# diesel on the beach? tips?



## kurazy kracka (Oct 14, 2008)

I've had a couple jeeps for beach driving which are light and float across the sand.

Now I've got this big girl and know i need to change how I go about it.

The truck is a 2005 6.0 F250 lifted 6" on Toyo Open Country Mud Terrain 37x13.5x22's. Actual tire width according to manufacturer is 14". They are E rated "10 ply"

any tips on beach driving this? It'll be assateague and the sugar sand of Hatteras. 

Going to start by airing down to 20 and see how that works.

4hi or 4low? I was thinking 4low and letting the engine speed carry me along?
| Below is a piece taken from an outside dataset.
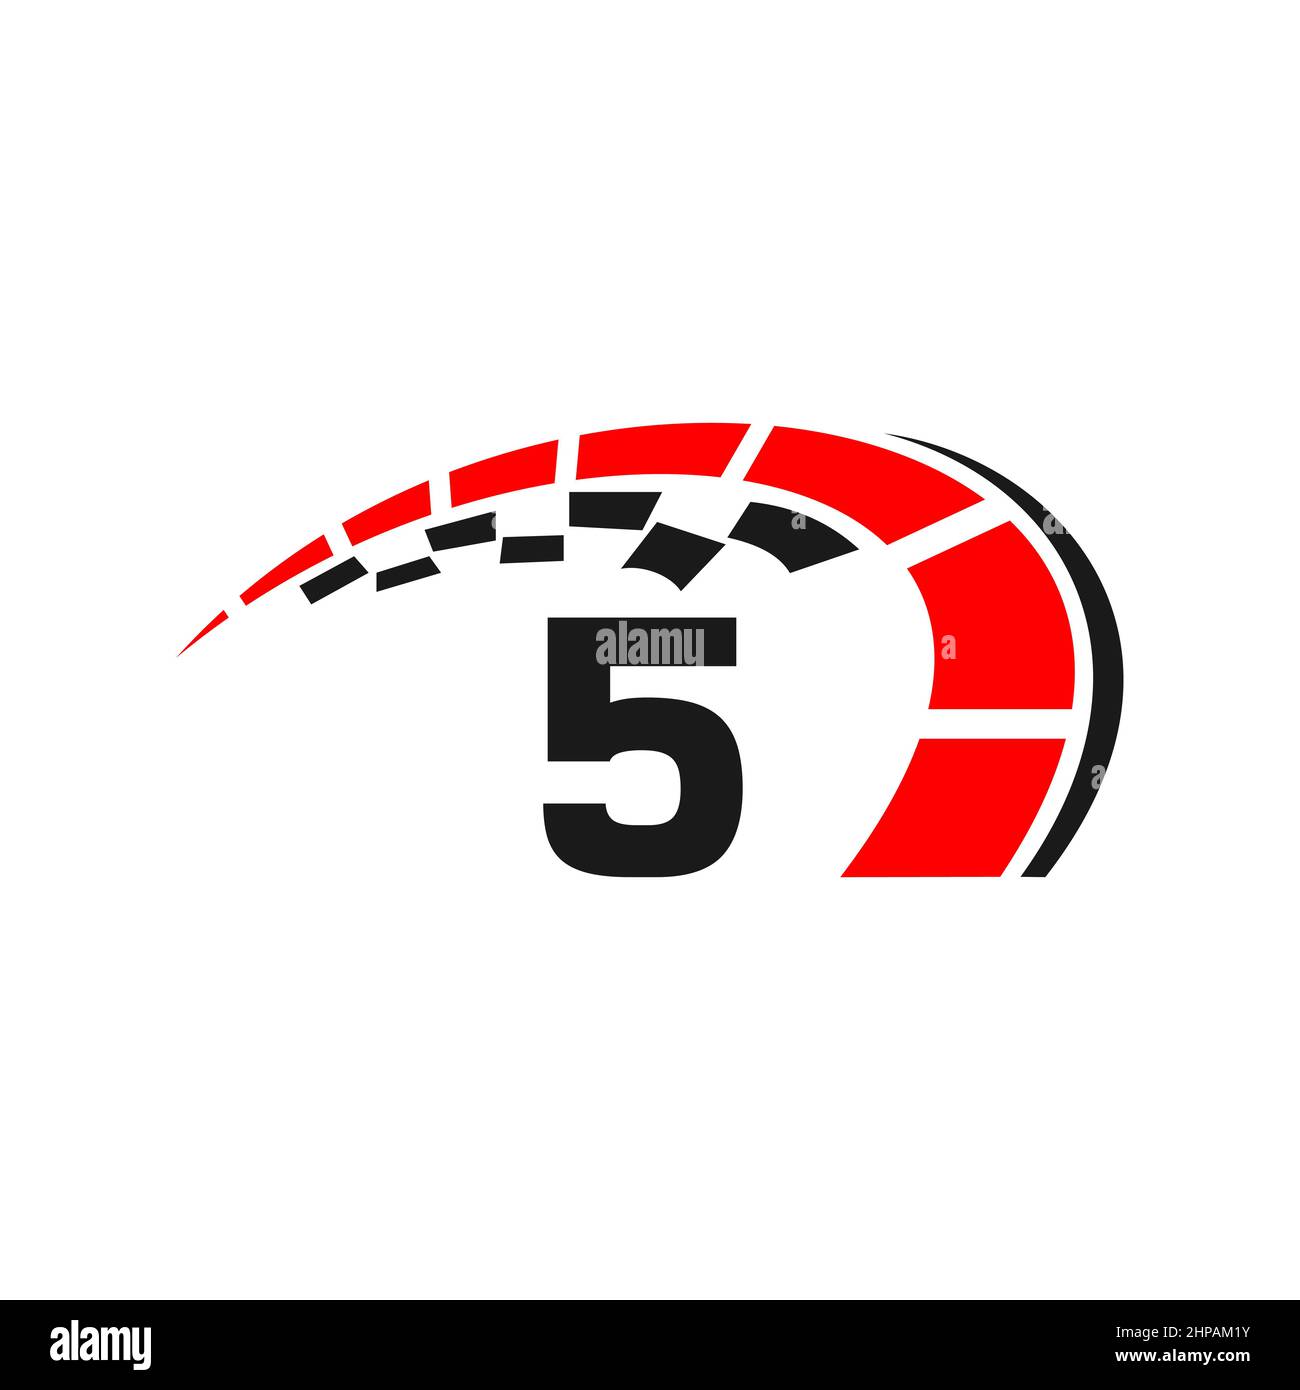 Sport Car Logo On Letter 5 Speed Concept. Car Automotive Template For Cars Service, Cars Repair With Speedometer 5 Letter Logo Design Stock Vector

Hopefully the big lugs of the mud terrains don't bury me.


----------



## 1BadF350 (Jul 19, 2006)

I have a 2001 F350 Crew Cab 7.3 Diesel. These trucks weigh close to 9000lbs empty! You definitely want 4LO. These transmissions arent inherently strong. I had to replace mine 6 months after a OBX beach driving trip. The next year I started airing down more and running in 4LO. No problems so far. I have 38-15.50x20 Mickey Thompson ATZs. I will run 15psi front and 10psi rear in some cases. You will want to air up after the beach, its hard as heck to turn your steering wheel at low speeds with low tire pressure and oversize tires.


----------



## kurazy kracka (Oct 14, 2008)

1BadF350 said:


> I have a 2001 F350 Crew Cab 7.3 Diesel. These trucks weigh close to 9000lbs empty! You definitely want 4LO. These transmissions arent inherently strong. I had to replace mine 6 months after a OBX beach driving trip. The next year I started airing down more and running in 4LO. No problems so far. I have 38-15.50x20 Mickey Thompson ATZs. I will run 15psi front and 10psi rear in some cases. You will want to air up after the beach, its hard as heck to turn your steering wheel at low speeds with low tire pressure and oversize tires.


no issues getting buried?

I had a 01 excursion before with the same transmission you have, the 4R100 which is heard from many isn't very strong. In my 05 it has the torqueshift 5R110 which is supposed to be a good bit stronger. 
maybe I'll talk to a few of the tuning shops and see if they have a recommendation for a tune that would be best for soft sand too.


----------



## 1BadF350 (Jul 19, 2006)

Thats right i forgot they updated the trans with the 6.0. In any case i would still run in 4Lo. The motor has so much torque you barely have to give it much pedal. Its so much better for your transmission. I doubt you need any trans tuning. If you dont have a trans temp gauge get one. The heat generated by beach driving is crazy. But in 4Lo my trans temps stay normal.


----------



## 1BadF350 (Jul 19, 2006)

And no ive never gotten buried. Just play with your tire pressure till you float. You arent a newbie so youll lnow when its right.


----------



## kurazy kracka (Oct 14, 2008)

awesome sounds good. I was just more worried about the weight than anything.

Thanks!


----------



## 1BadF350 (Jul 19, 2006)

Always make sure you have plenty if fuel! Diesel can be hard to find in some areas and youll burn alot of it on the sand LOL
And if you dont have tire deflators with those big tires youll be deflating for a while. I ended up buying 4 tire buddies, one for each tire. It saves alot if time. Im sure you know those big tires hold alot of air.


----------



## 1BadF350 (Jul 19, 2006)

Both my babies on the beach.


----------



## kurazy kracka (Oct 14, 2008)

Nice where is that at? Looks wide and super flat.


----------



## 1BadF350 (Jul 19, 2006)

Carova.


----------



## Shooter (Nov 14, 2004)

I have a F250 ext cab with 8' bed, if it is real soft will go down to 20 front and rear and usally no problem,,, now the wild thing is when I plop the full size slide in camper in the bed adding another 3,000 plus pounds I don't have to air down as much and the truck tracks better with the weight.
Always remember the most important thing on your truck for driving on the beach is your brain, if it looks bad don't don't go there.


----------



## Alexy (Nov 1, 2010)

Most definitely get the transmission temp gauge. Or just turn it on if you have the digital dash. Just a FYI if you have a newer ford diesel ( 6.7) The trans runs at 200 ( 196-216 degrees) in normal driving, and the #1 temp gauge is at the top of the engine instead of the side like in older transmissions so it reads hotter anyway.


----------



## VMI-Kayaker (Jun 12, 2011)

Sounds like the Jeep is just sooo much easier


----------